Что касается случая Скрипалей, им удивительно повезло: скорая помощь забрала их очень быстро. Есть оценки, согласно которым, если бы она опоздала хотя бы на десять минут, было бы уже слишком поздно. Но есть и другие — успешные — применения экзотических ядов. Я имею в виду случай [бывшего сотрудника КГБ и ФСБ Александра] Литвиненко: зачем нужно было использовать такое крайне экзотическое вещество как полоний, если вы просто хотите кого-то убить? Наверное, на это была своя причина. Я думаю, что здесь может быть много спекуляций, но, повторюсь, следует дождаться результатов анализа, которые могут что-то прояснить.

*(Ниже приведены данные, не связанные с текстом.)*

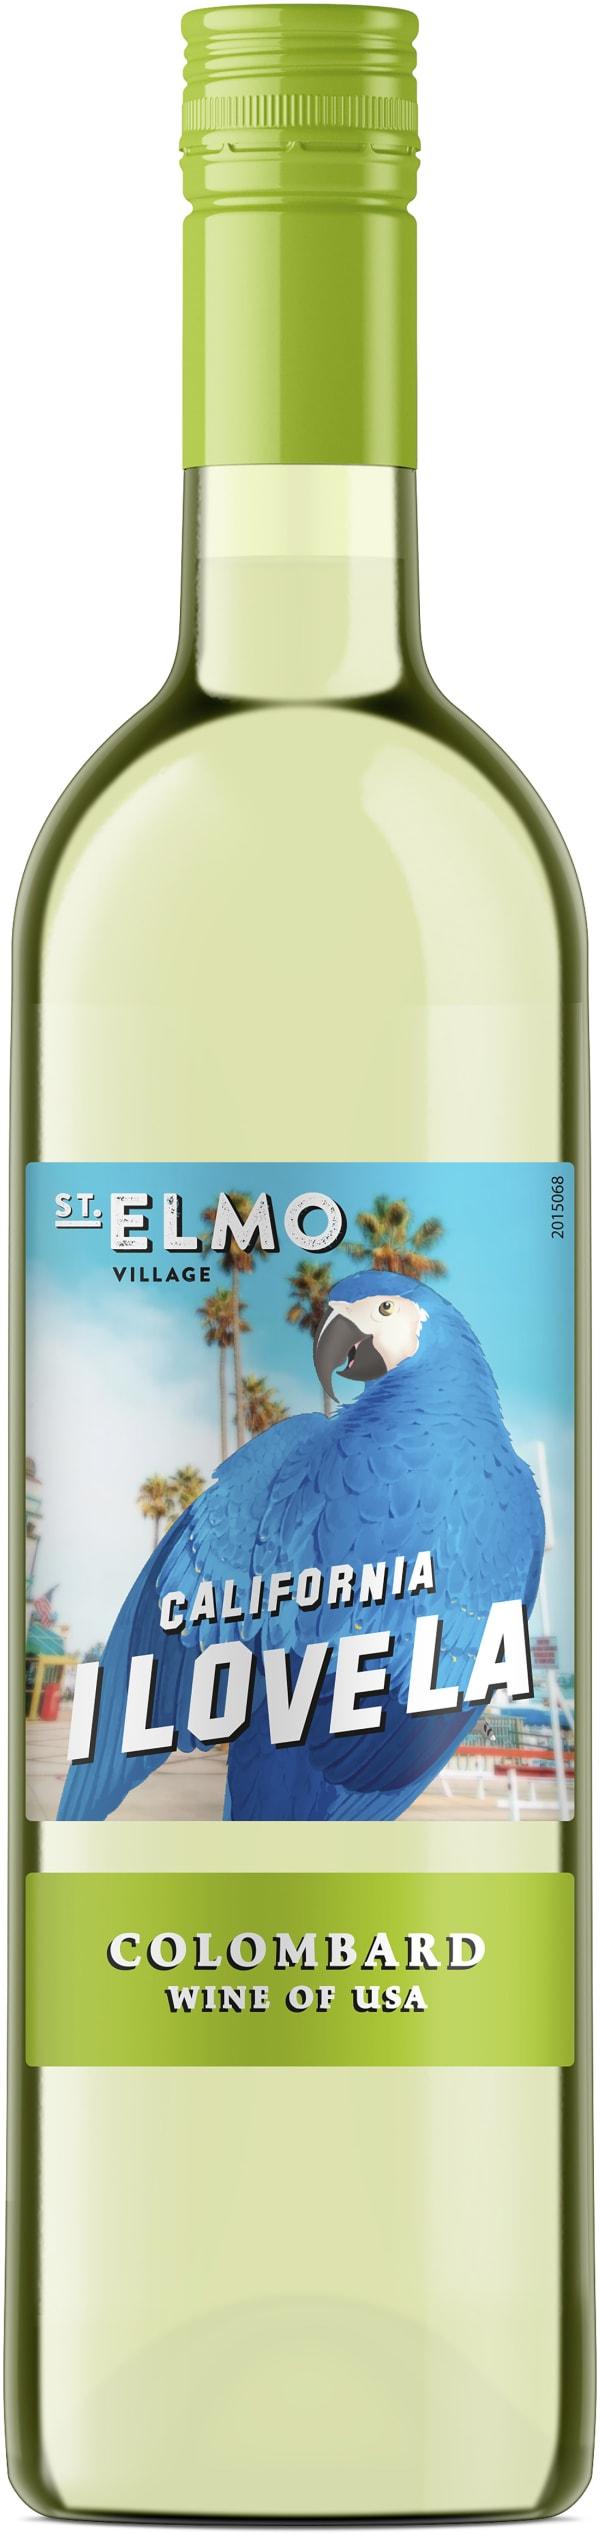 St. Elmo Village

Впрочем, следует понимать, что сам по себе химический анализ, конечно, никак не позволит определить того, кто причастен к отравлению — для этого необходимо полицейское расследование. Даже если сейчас удастся найти некоторое количество яда в организме, его будет так мало, что надеяться на то, чтобы определить его происхождение по каким-либо примесям, невозможно. Это можно было бы сделать, если бы имелось чистое вещество, но, имея лишь полученные у пациента биологические образцы, это сделать невозможно.